[blparent] Planning a birthday party

Pickrell, Rebecca M (TASC) REBECCA.PICKRELL at tasc.com
Wed Jan 30 16:13:27 UTC 2013


        I don't like the advice to invite the number of kids that the birthday child is turning.  The number gets bigger and bigger for one thing.  Also, many schools want you to invite the whole class so nobody feels excluded.
If you do want to limit numbers you want to invite all the boys, or all the girls, or everybody who has seen your kid eat a bug, something like that.
Kids' friendships change like the weather and you don't want to get into the business of "She's friends with Susie this week but not Billy so we won't invite Billy".

As for having parents drop off their kids, you can do that. Know though that I'd not accept an invite to a parent's home that I didn't know and one who had made no effort to get to know me. You can always tell parents they don't have to stay but are welcome to if they or their child would like.  That way they know they can leave but aren't being forced to leave.

You've got many options here.

-----Original Message-----
From: blparent [mailto:blparent-bounces at nfbnet.org] On Behalf Of Bridgit Pollpeter
Sent: Wednesday, January 16, 2013 8:34 PM
To: blparent at nfbnet.org
Subject: [blparent] Planning a birthday party

I think we can complicate life at times, grin. Of course no one you are
uncomfortable with need be in your home, but if by strangers you mean
the parents of other children, you need to determine if you want to
invite parents or not. If parents are invited along with their kids,
they most likely will keep an eye on their own children. If you don't
want a bunch of parents hanging around, consider asking a few family or
friends to help out. Regardless of how you do it, obviously no one
expects you alone to watch a group of kids.

And as for keeping people out of your things, just have people available
to watch certain parts of your home so curious children don't get into
trouble, and if you're worried about other parents nosing about, well,
are you really that worried that fellow parents would do this? I think
perhaps you're worried unnecessarily about this, but again, if you're
truly uncomfortable with this, don't invite people you don't trust.

Also, how many children are you planning on having over? Having a
smaller guest list will go a long way to help with this situation too.
Many etiquette guides recommend only inviting the number of guest as the
age of the birthday child. So if they're turning ten, only ten friends
are invited, and so forth and so on.

Some people may be a little turned off by you touching food, but they
don't have to eat then. As long as you keep your hands clean, no one can
fault you. Sighted people use their hands too. You can use plastic
gloves if you're too worried about it.
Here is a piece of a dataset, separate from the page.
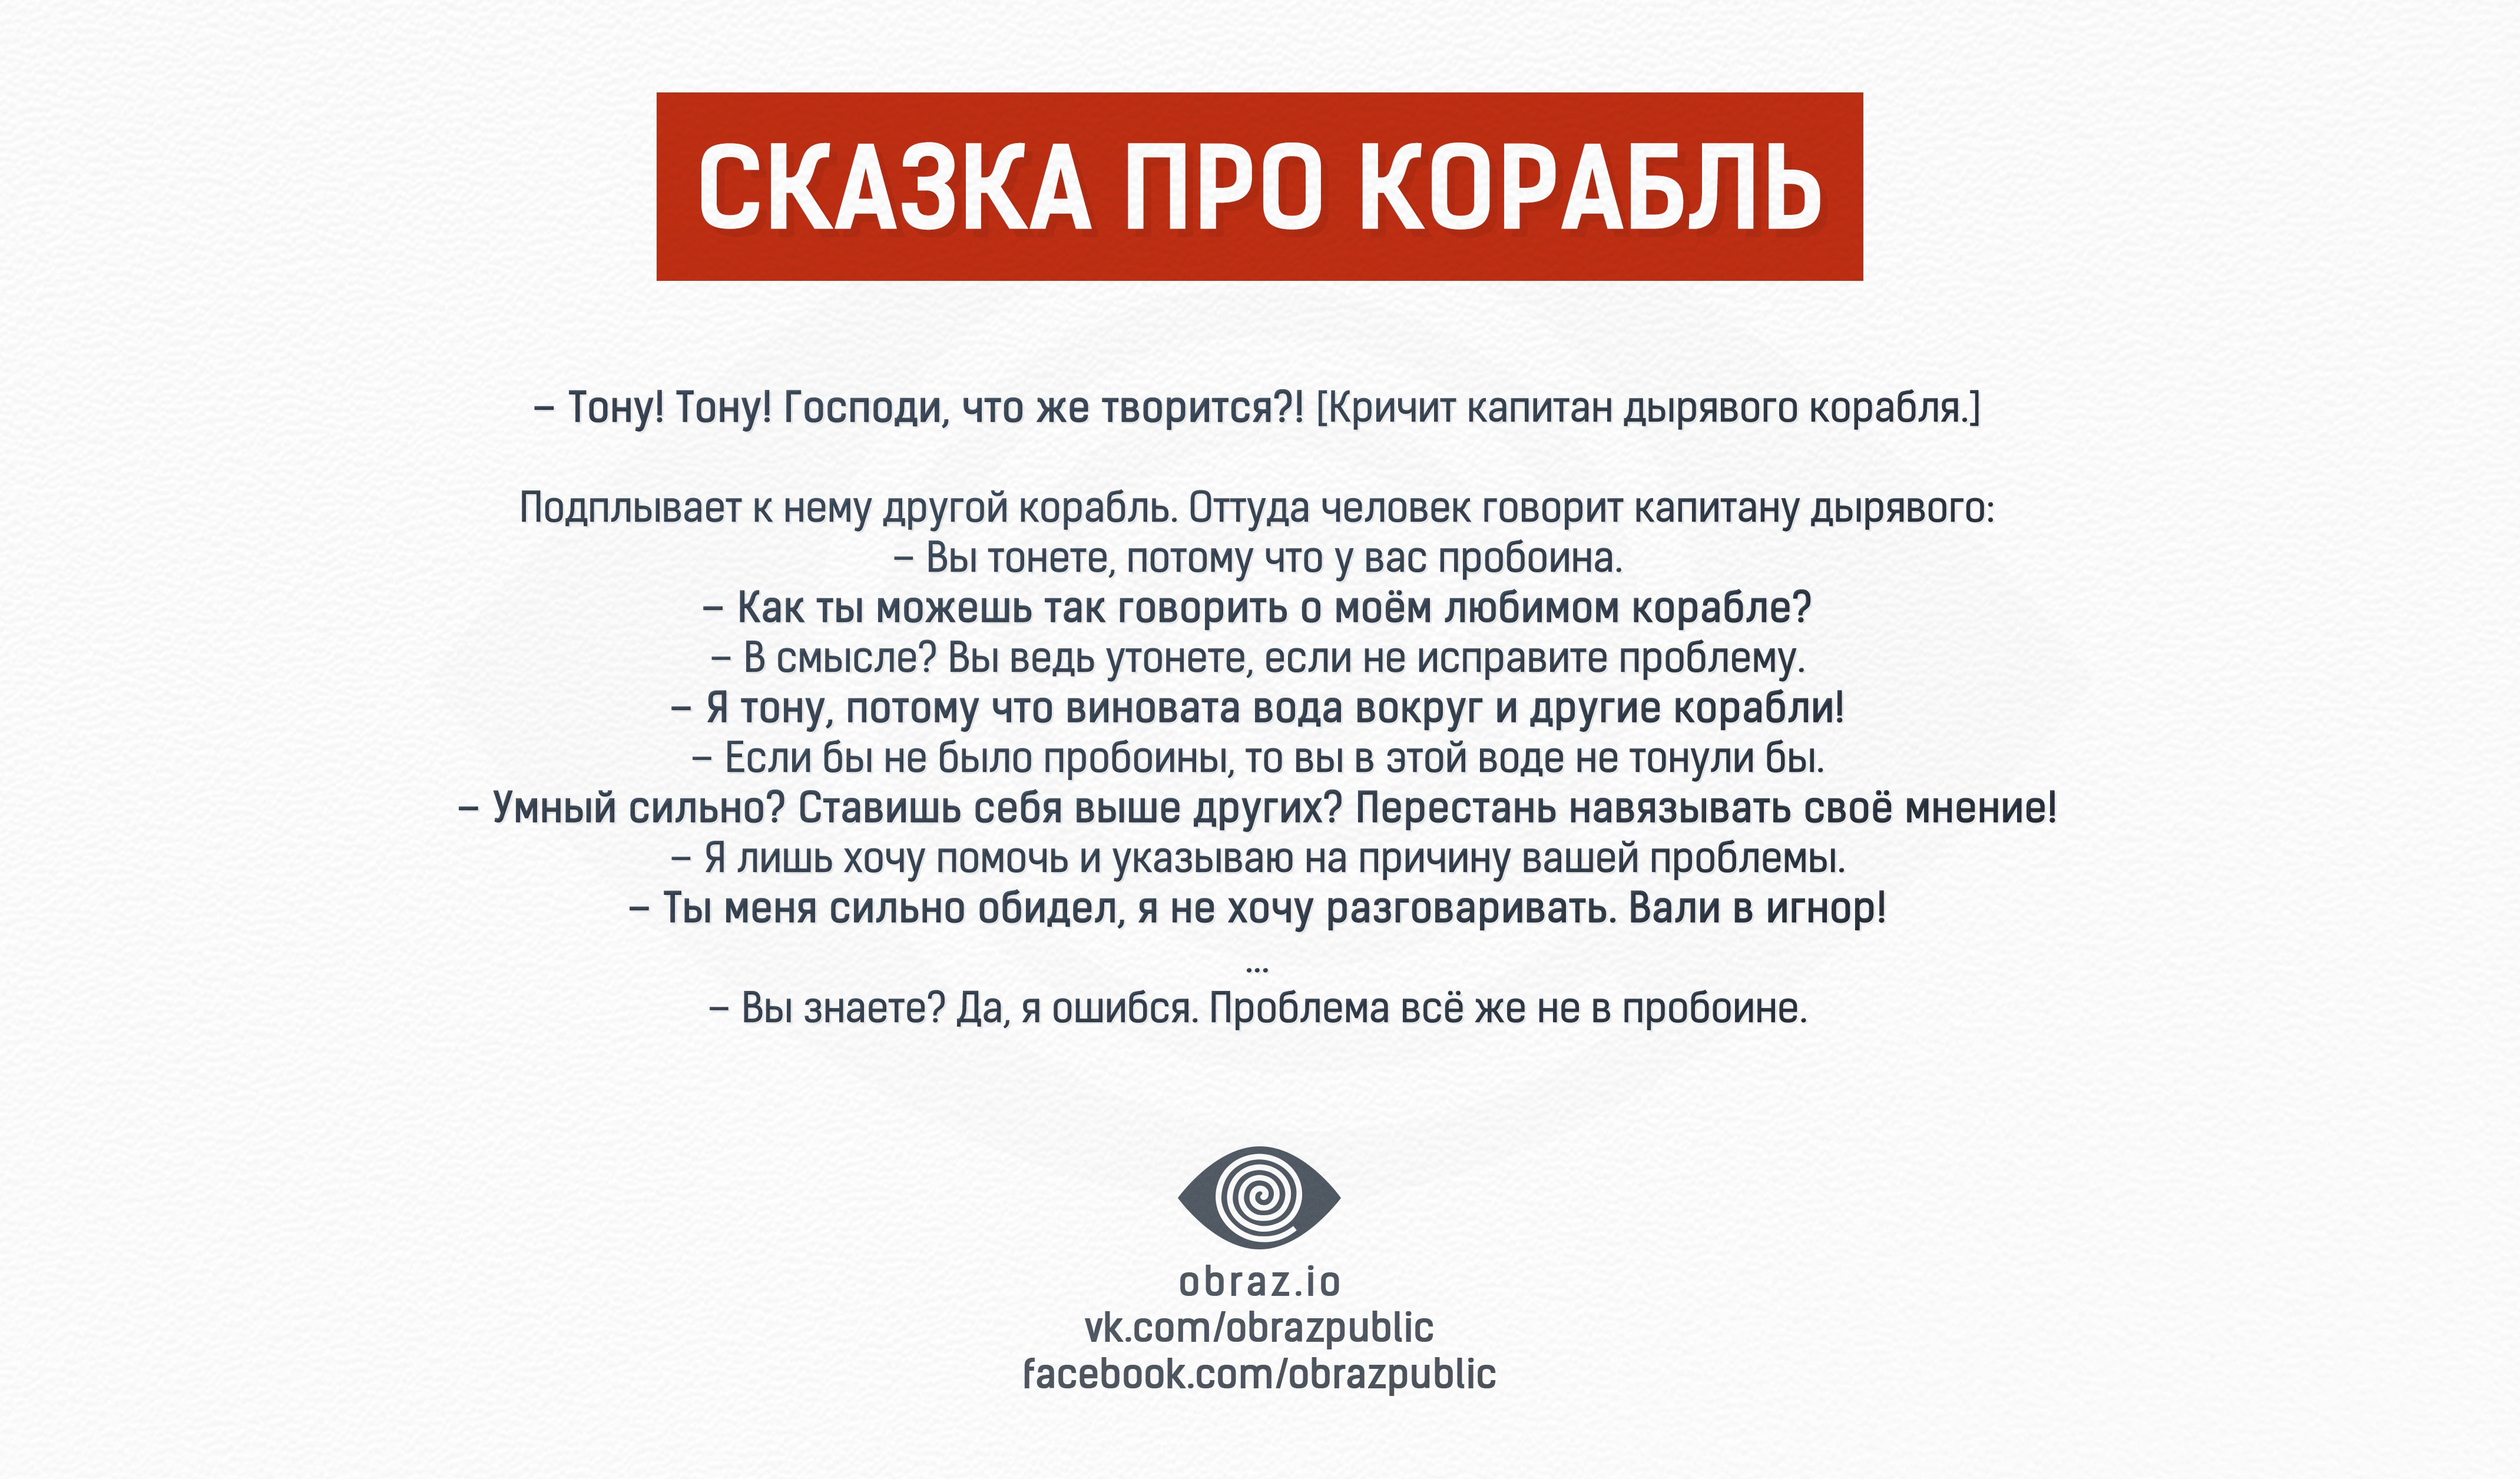 Email:learningkurakov@gmail com3292 1goy3zy.5uz0duc8fr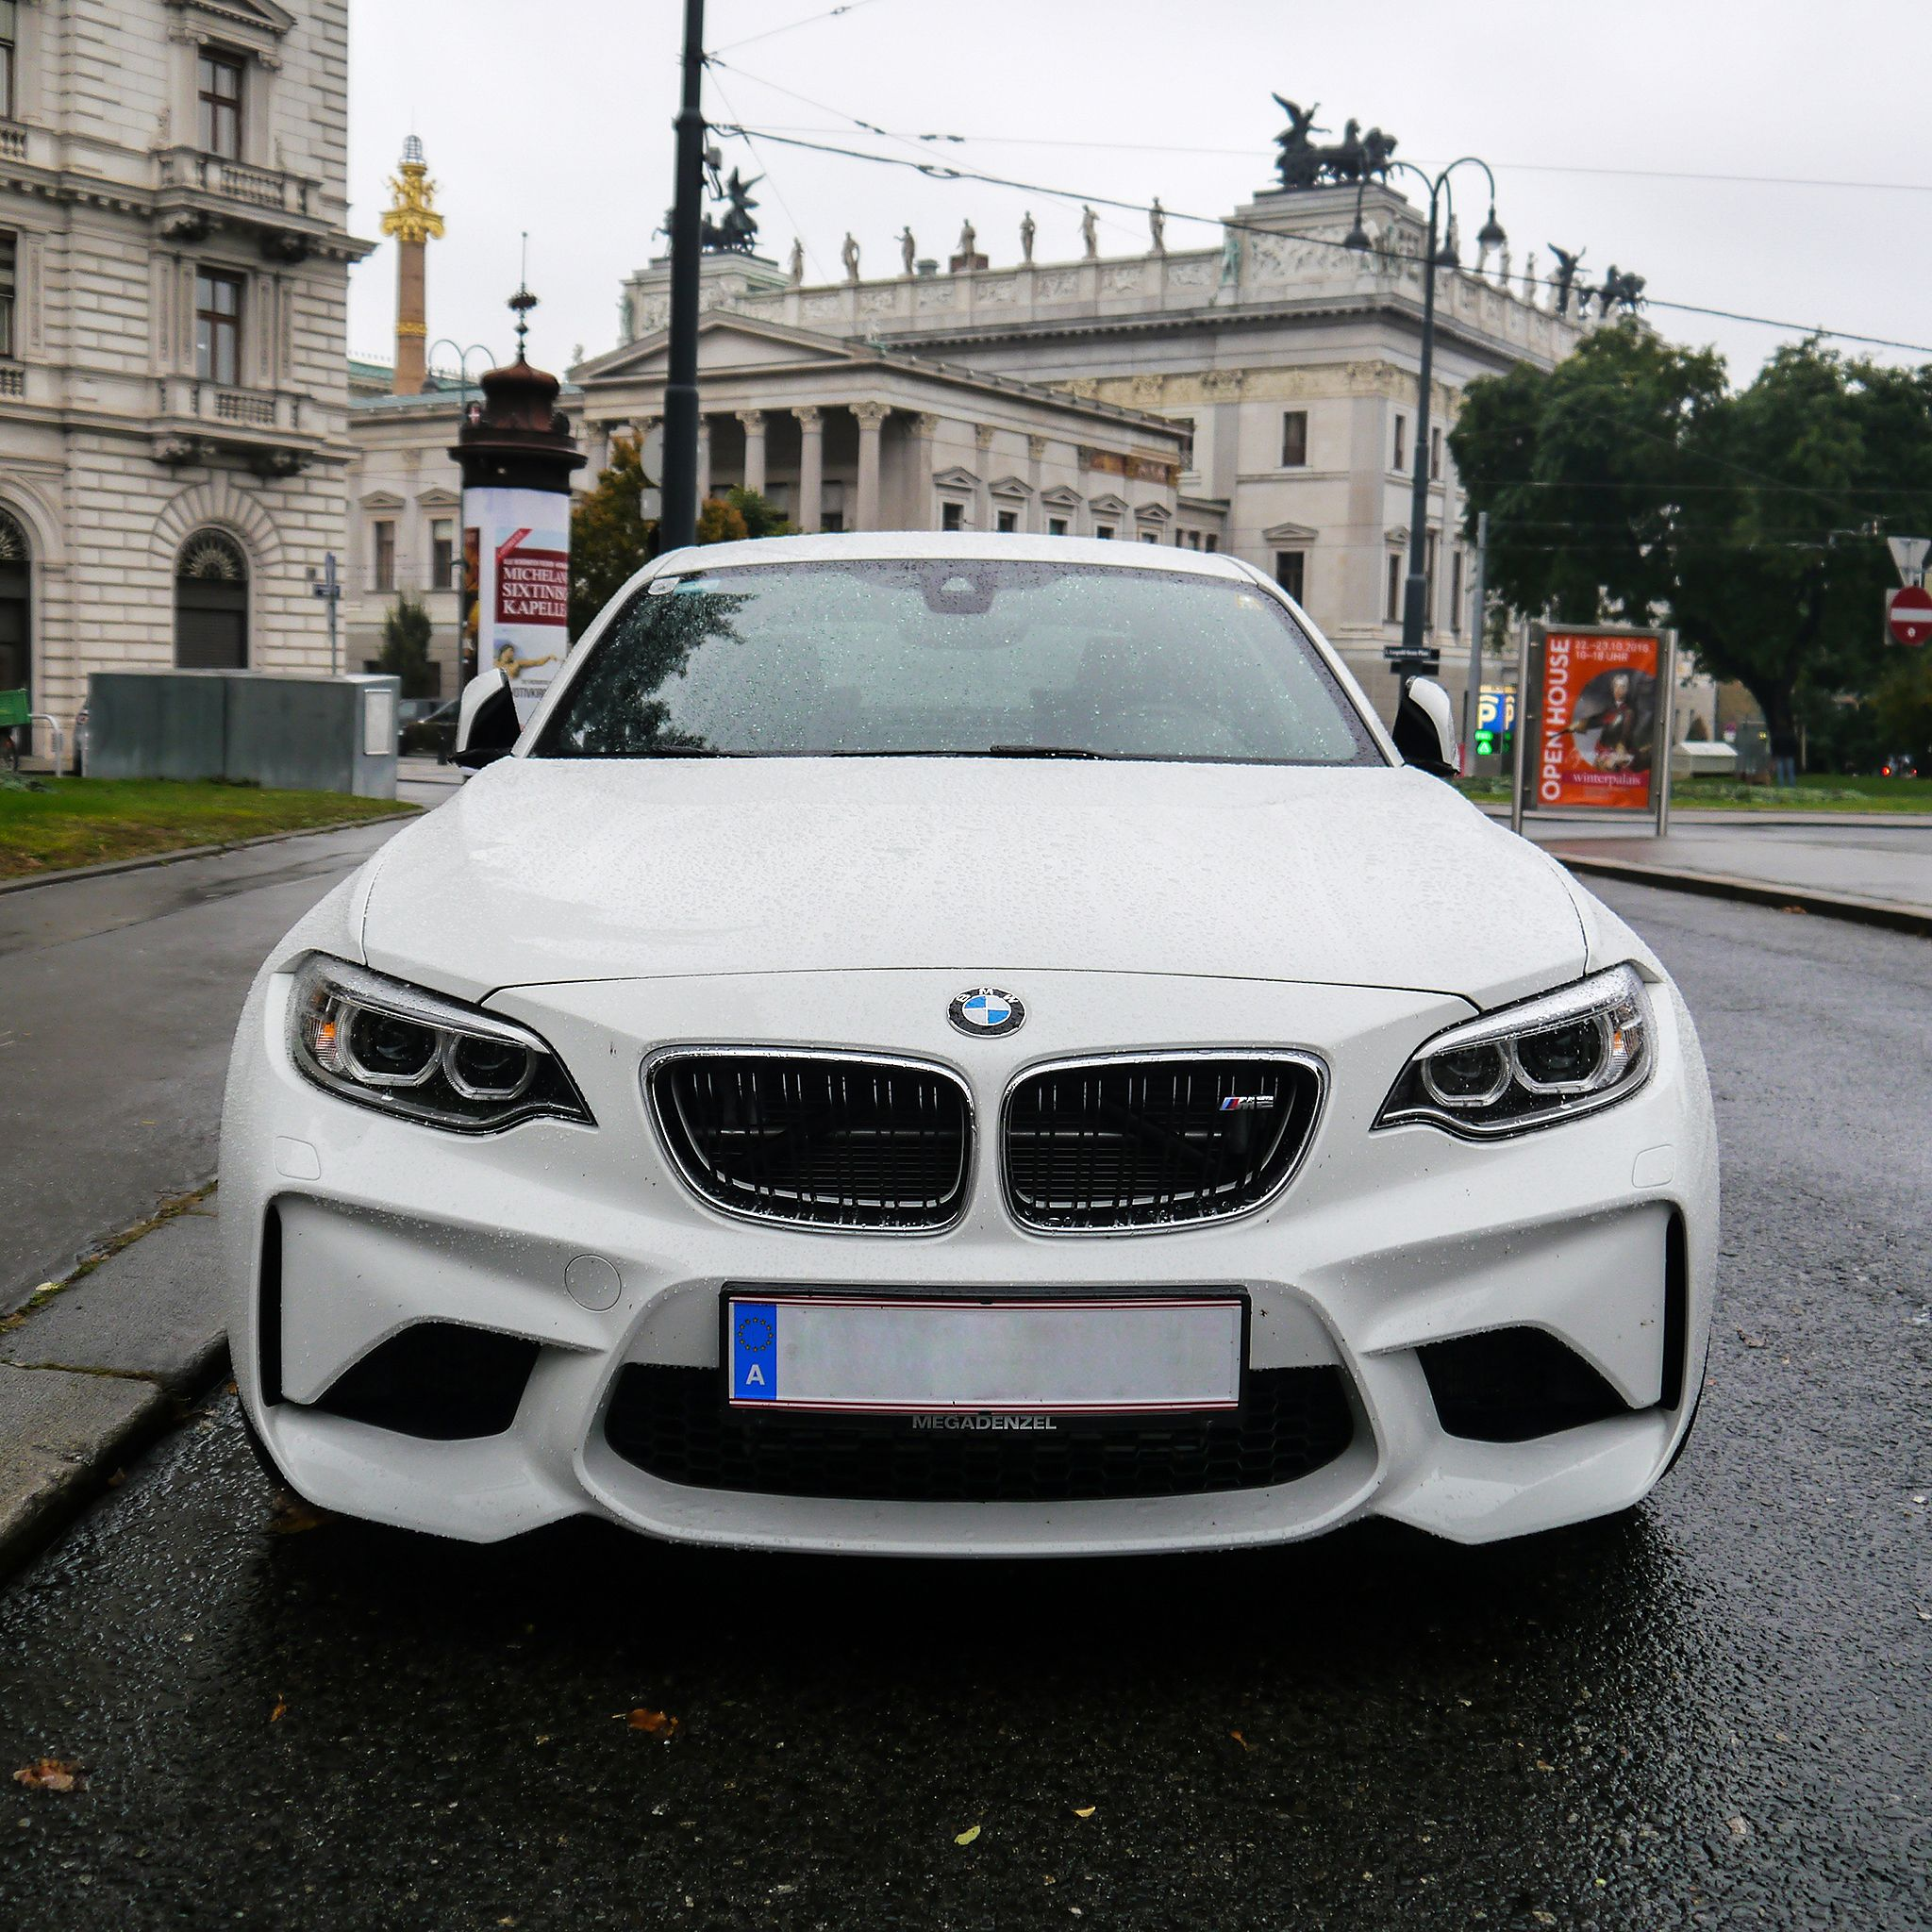 2016 Bmw M3: BMW M3 (2015)

Also, prepare all food in the
kitchen away from all the guest including the slicing and serving, then
all your guest will see is food on serving dishes or prepared plates,
and I guarantee no one will wonder how you prepared it, smile.

And as for games, I go back to the asking of family and friends to help
out, if possible.And sit down and actually write down all the thoughts
and ideas, and how you can implement them. This will help you feel more
organized and maybe put you at ease a little bit too.

Anyway, these are just my thoughts. Good luck. I can't wait for Declan's
first birthday, grin! Only seven more months to go, LOL!

Sincerely,
Bridgit Kuenning-Pollpeter, editor, Slate & Style
Read my blog at:
http://blogs.livewellnebraska.com/author/bpollpeter/

"If we discover a desire within us that nothing in this world can
satisfy, we should begin to wonder if perhaps we were created for
another world."
C. S. Lewis

Message: 1
Date: Tue, 15 Jan 2013 23:06:18 -0700
From: "Jo Elizabeth Pinto" <jopinto at msn.com>
To: "Blind Parents Mailing List" <blparent at nfbnet.org>
Subject: Re: [blparent] Planning a Birthday Party
Message-ID: <BLU172-DS40DC49FCDF3E124E81472AC2C0 at phx.gbl>
Content-Type: text/plain; format=flowed; charset="iso-8859-1";
        reply-type=original

Hi.  Did you have parties for your family and friends, or parties for
kids
you didn't know well and their parents?  I don't mind having people I
know
in my home, but I feel a bit nervous about inviting in strangers.  How
would
I keep them entertained?  How would I keep them out of where they didn't

need to be?  Would I need help with decorating?  Games?  Would the other

parents help me, or would I be on my own with the kids?